The day on which Sergey Ivanovitch came to Pokrovskoe was one of
Levin's most painful days. It was the very busiest working time,
when all the peasantry show an extraordinary intensity of
self-sacrifice in labor, such as is never shown in any other
conditions of life, and would be highly esteemed if the men who
showed these qualities themselves thought highly of them, and if
it were not repeated every year, and if the results of this
intense labor were not so simple.
To reap and bind the rye and oats and to carry it, to mow the
meadows, turn over the fallows, thrash the seed and sow the
winter corn--all this seems so simple and ordinary; but to
succeed in getting through it all everyone in the village, from
the old man to the young child, must toil incessantly for three
or four weeks, three times as hard as usual, living on rye-beer,
onions, and black bread, thrashing and carrying the sheaves at
night, and not giving more than two or three hours in the
twenty-four to sleep.
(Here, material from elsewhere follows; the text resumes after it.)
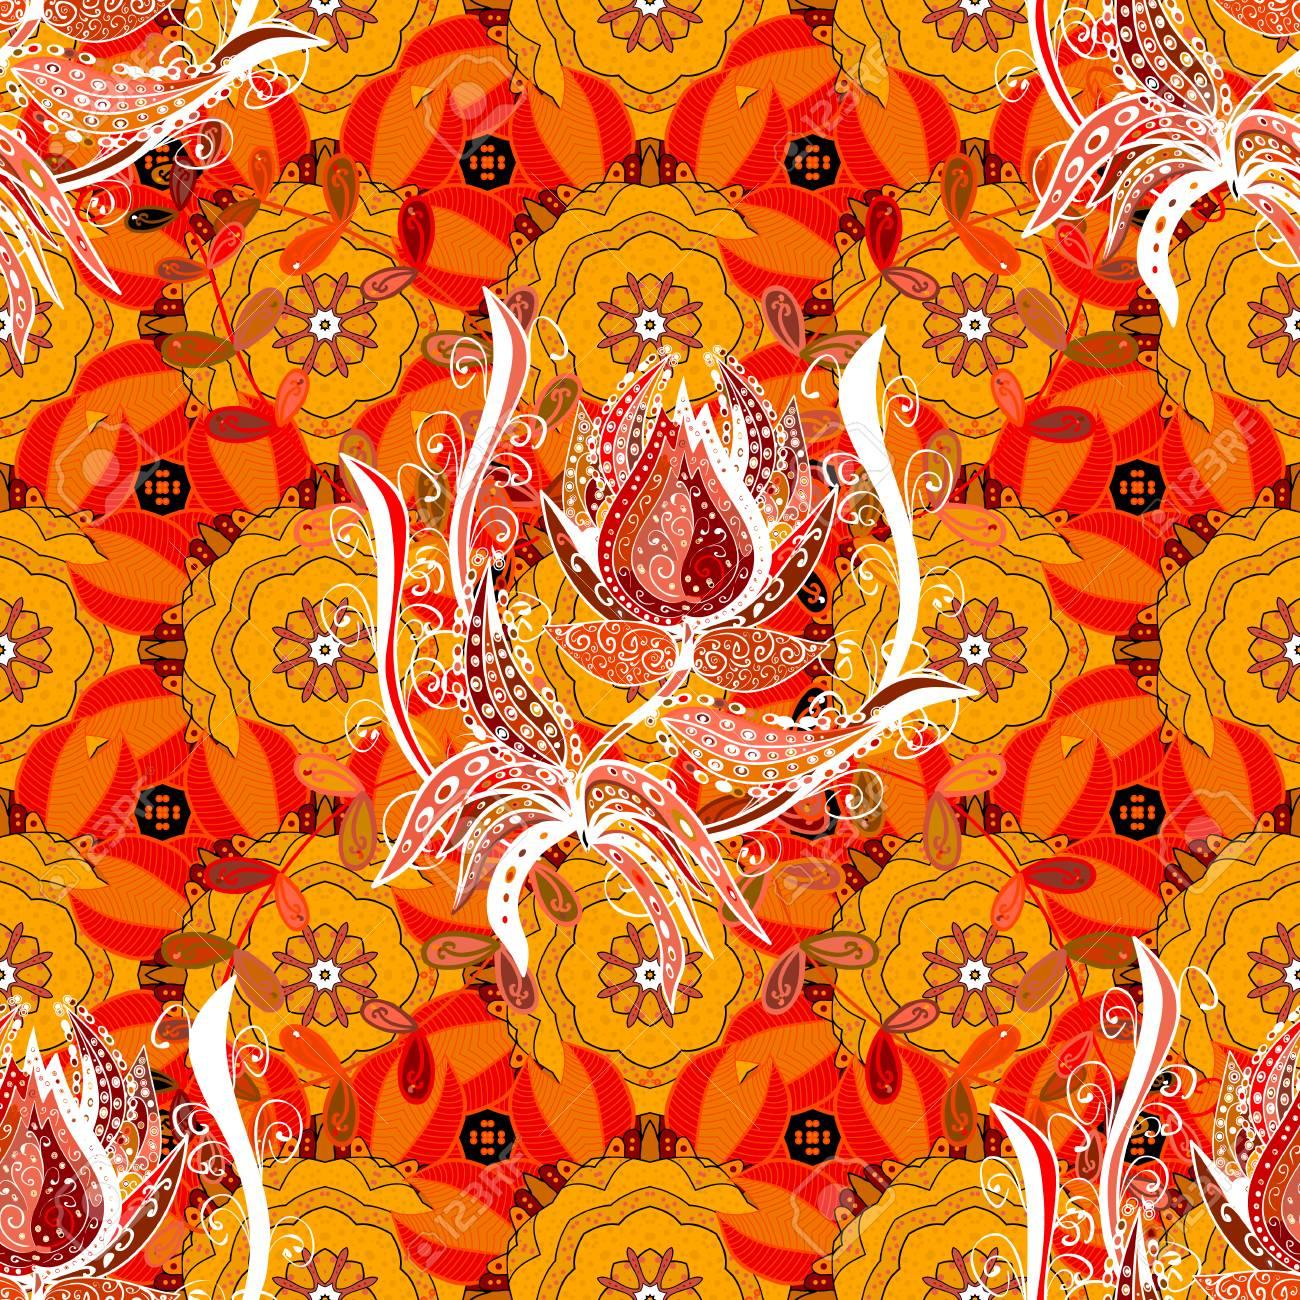 Modèle Sans Couture Créatif Dessiné à La Main Composé De Fleurs Stylisées Aux Couleurs De Corail Et De Pêche Illustration Vectorielle

And every year this is done all over
Russia.
Having lived the greater part of his life in the country and in
the closest relations with the peasants, Levin always felt in
this busy time that he was infected by this general quickening of
energy in the people.
In the early morning he rode over to the first sowing of the rye,
and to the oats, which were being carried to the stacks, and
returning home at the time his wife and sister-in-law were
getting up, he drank coffee with them and walked to the farm,
where a new thrashing machine was to be set working to get ready
the seed-corn.
He was standing in the cool granary, still fragrant with the
leaves of the hazel branches interlaced on the freshly peeled
aspen beams of the new thatch roof. He gazed through the open
door in which the dry bitter dust of the thrashing whirled and
played, at the grass of the thrashing floor in the sunlight and
the fresh straw that had been brought in from the barn, then at
the speckly-headed, white-breasted swallows that flew chirping in
under the roof and, fluttering their wings, settled in the
crevices of the doorway, then at the peasants bustling in the
dark, dusty barn, and he thought strange thoughts.
"Why is it all being done?" he thought. "Why am I standing here,
making them work? What are they all so busy for, trying to show
their zeal before me? What is that old Matrona, my old friend,
toiling for? (I doctored her, when the beam fell on her in the
fire)" he thought, looking at a thin old woman who was raking up
the grain, moving painfully with her bare, sun-blackened feet
over the uneven, rough floor. "Then she recovered, but today or
tomorrow or in ten years she won't; they'll bury her, and
nothing will be left either of her or of that smart girl in the
red jacket, who with that skillful, soft action shakes the ears
out of their husks. They'll bury her and this piebald horse, and
very soon too," he thought, gazing at the heavily moving, panting
horse that kept walking up the wheel that turned under him. "And
they will bury her and Fyodor the thrasher with his curly beard
full of chaff and his shirt torn on his white shoulders--they
will bury him. He's untying the sheaves, and giving orders, and
shouting to the women, and quickly setting straight the strap on
the moving wheel. And what's more, it's not them alone--me
they'll bury too, and nothing will be left. What for?"